Demas Nwoko (Officer of the Order of the Niger OON, Fellow Nigerian Institute of Architects NIA, Fellow International Federation of Interior Architects and Designers IFI) is an artist, protean designer and architect. As an artist, he strives to incorporate modern techniques in architecture and stage design to enunciate the African subject matters in most of his works . He was a member of the Mbari club of Ibadan, a committee of burgeoning Nigerian and foreign artists. He was also a lecturer at the University of Ibadan. He was the publisher of the New Culture magazine. Demas Nwoko is a respected Nigerian artist, architect and master builder in Nigeria. Nwoko’s works fuse modern techniques in architecture and stage design with African tradition. With works like The Dominican Institute, Ibadan and The Akenzua Cultural Center, Benin to his credit, Demas Nwoko is one ‘artist-architect’ who believes in celebrating the African tradition in his works. In 2007, Farafina published The Architecture of Demas Nwoko, a study of Nwoko’s work and theories written by two British Architects, John Godwin OBE and Gillian Hopwood. He led the way toward a modern mode of expression in African art, theater, painting, and architecture. In addition, he is a fine actor and dancer, having performed in numerous plays in Ibadan. Nwoko, sees design as an ingenuous activity that carries with it a focus on social responsibility for positive influences in the environment and culture of the society.

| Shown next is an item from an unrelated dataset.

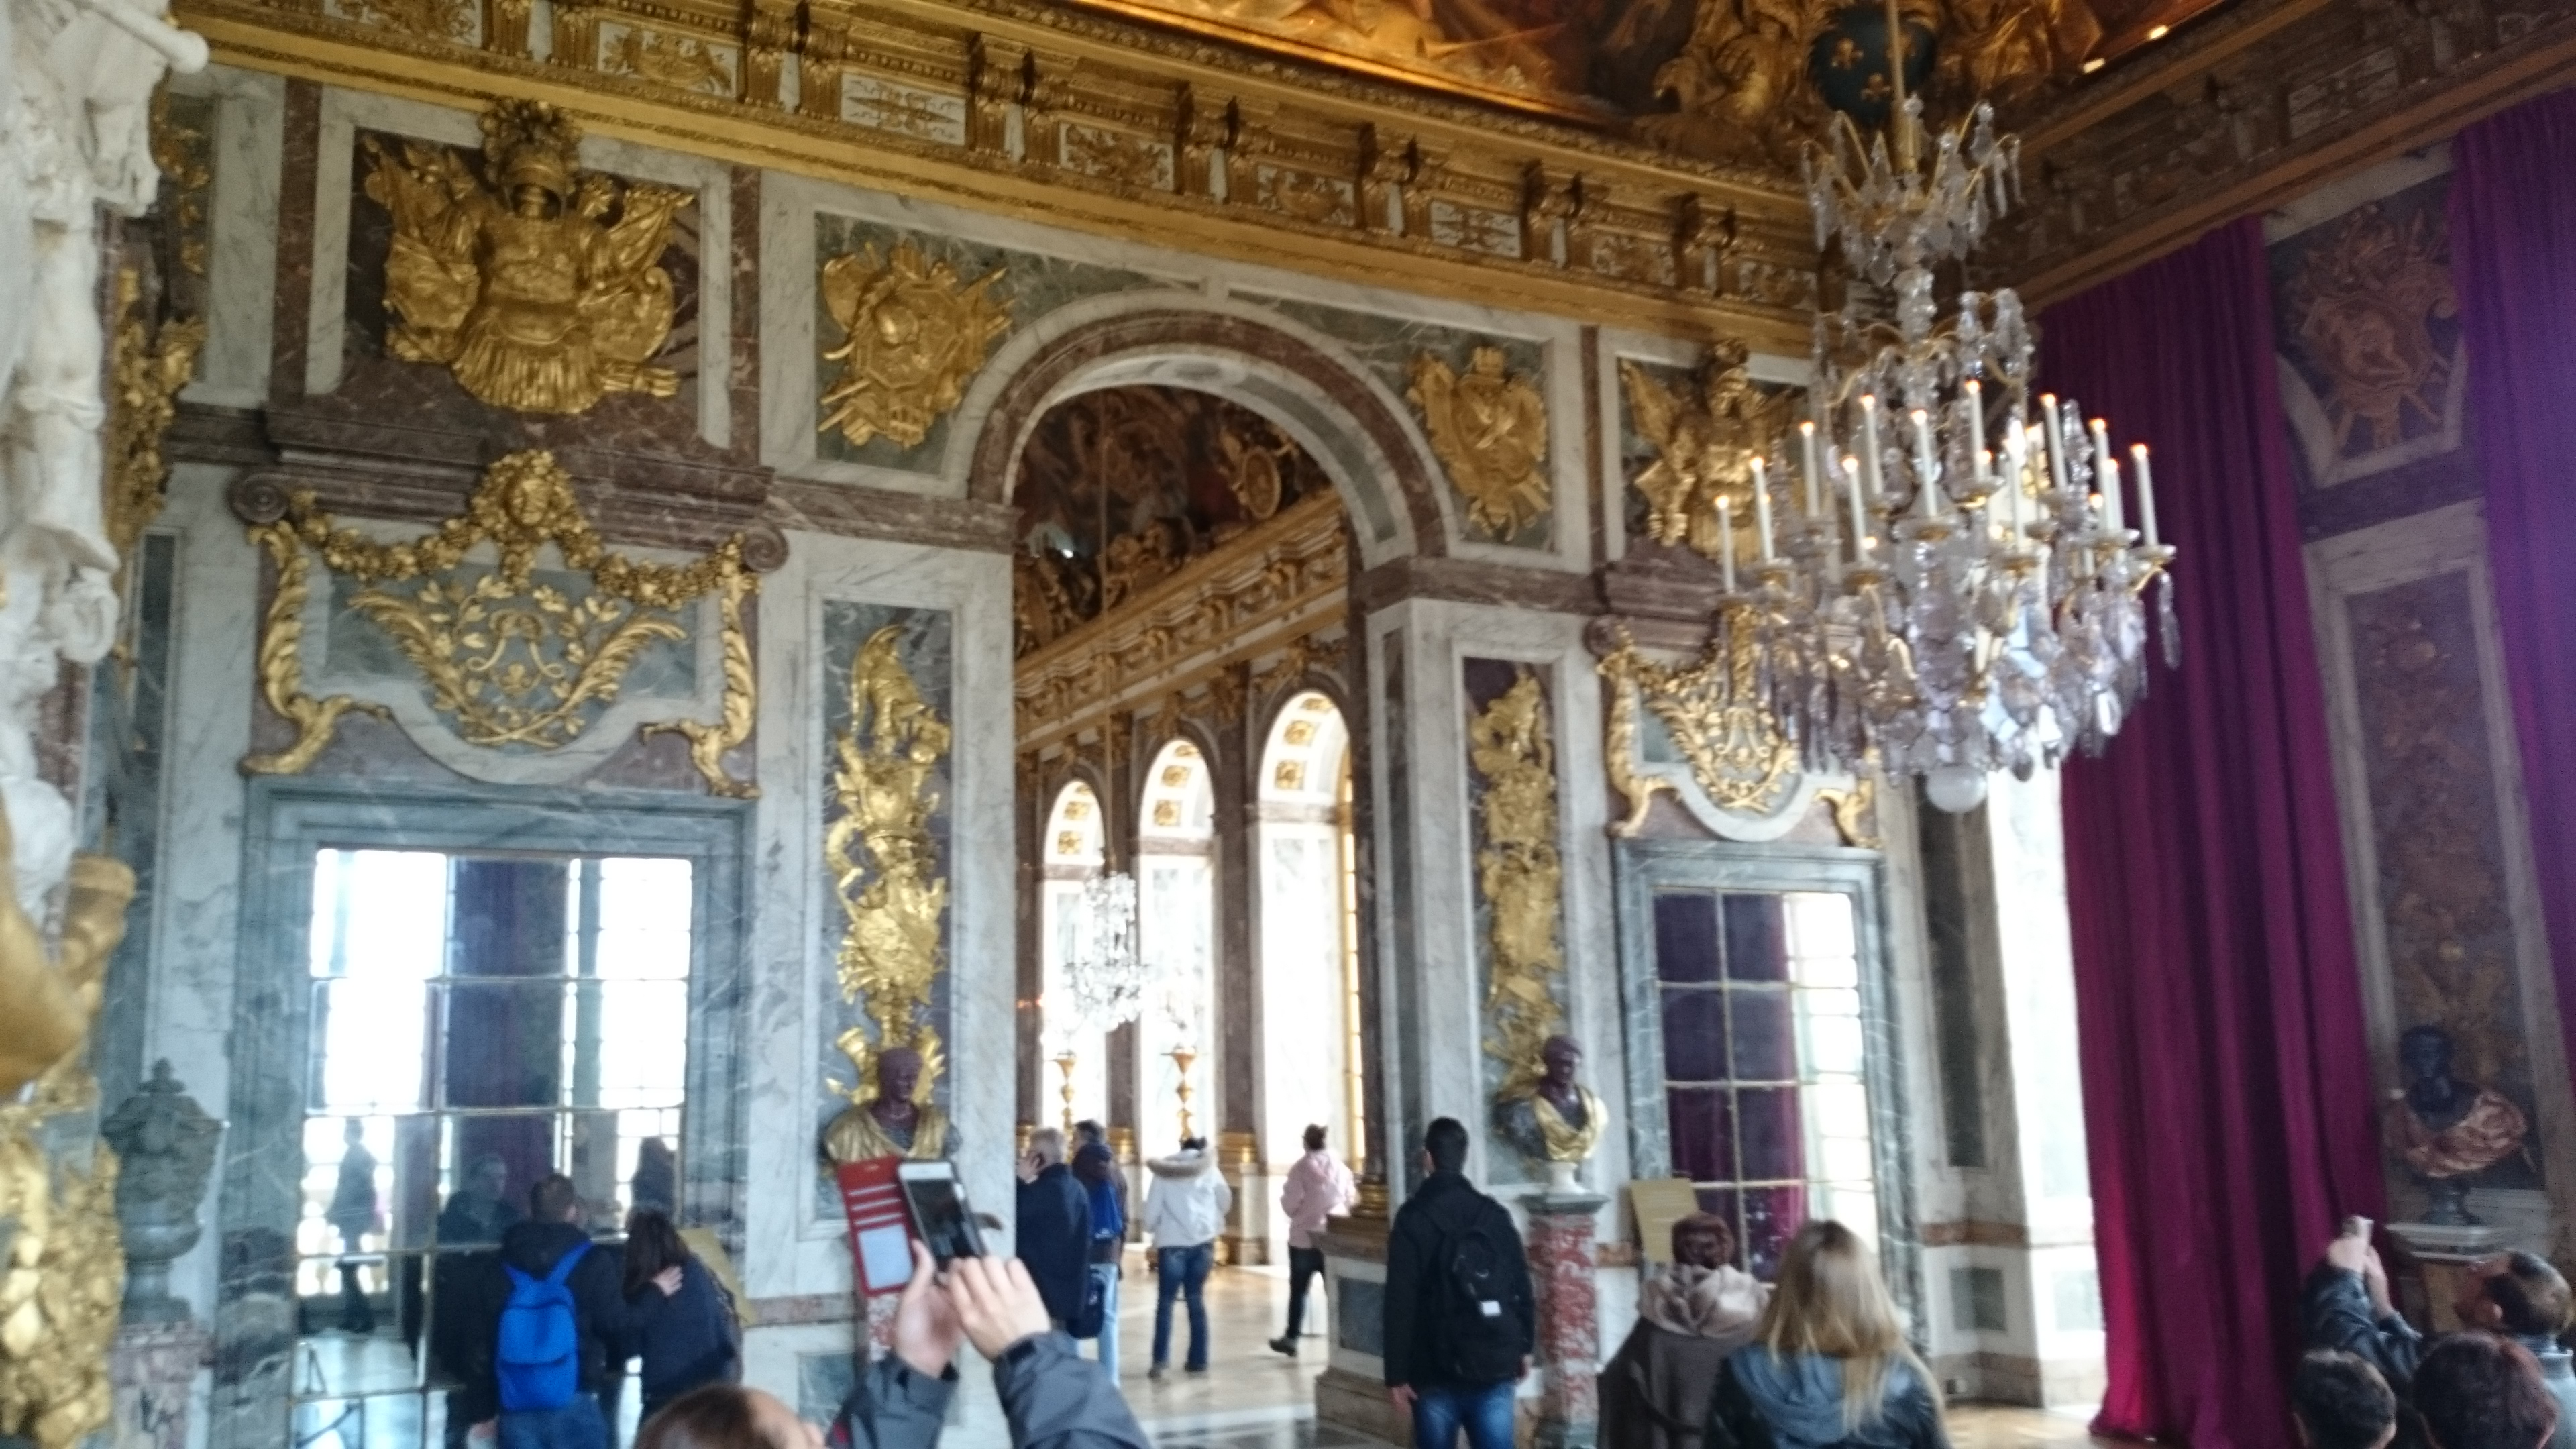 dsc 13611 - Visita al Palacio de Versalles: Como ir, cuanto cuesta y tips III/III

Cordelia Osasona is a Professor of History of Architecture at the Obafemi Awolowo University, Ile-Ife, where she has twice headed the Department of Architecture, and was Vice-Dean of Environmental Design and Management (from 2008 to 2010). She is the first female Architect produced by the University of Ife, and is a Fellow of the Nigerian Institute of Architects. Currently, she is the pioneer Head of Architecture at the University of Ibadan, Ibadan.

Her present research and fieldwork center on restoration/ renewal of Nigerian Brazilian houses. She also engages in revivalist experiments with decorative vernacular building features.

Marion von Osten is a curator, researcher and writer who lives and works in Berlin. She has been working as a curator and artistic director of bauhaus imaginista (2018–2019) since 2014, and was joined by Grant Watson as co- curator and artistic director in 2016. Previous research and exhibition projects include Viet Nam Discourse (2016- 2018) at Württembergischer Kunstverein Stuttgart and Tensta Konsthall Stockholm, Aesthetics of Decolonization (ith, ZHDK Zurich/Center for Post- colonial Knowledge and Culture (CPKC) in Berlin); Model House–Mapping Transcultural Modernisms at the Academy of Fine Arts, Vienna, and the CPKC, Berlin (2010–2013); In the Desert of Modernity – Colonial Planning and After at Les Abattoirs de Casablanca (2009); and at Haus der Kulturen der Welt in Berlin (2008); as well as Projekt Migration in Cologne, initiated by the German Federal Cultural Foundation (2002–2006); and TRANSIT MIGRATION in Zürich, Frankfurt and Cologne (2003–2005). Between 2006 and 2012, she was Professor for Art and Communication at the Academy of Fine Arts, Vienna, and from 1999 to 2006 Professor of Artistic Practice and researcher at the Institute for the Theory of Art and Design (ith ZHDK), Zürich.

Hannah le Roux is an architect, educator and curator. Her work in all these areas revisits the modernist project in architecture, and considers how its transformation through the agency of Africa presents a conceptual model for contemporary design. From a Southern African perspective she considers how apartheid and colonial constructions erase and are overlain by other human actions. She has published extensively on these dynamics including in blank architecture, apartheid and after ; Trade Routes: Johannesburg Biennale; Narrating Architecture; Afropolis and The Journal of Southern African Studies and in exhibitions for Johannesburg, Venice, Brussels and Rotterdam, and engaged with the spatialities of diaspora coffee ceremonies and the soccer culture of earth fields through design research. In 2017 she was selected as a Fulbright Principal Candidate for an African Research Scholarship and as a research fellow in the Canadian Centre for Architecture/Mellon project, Architecture and/for the Environment.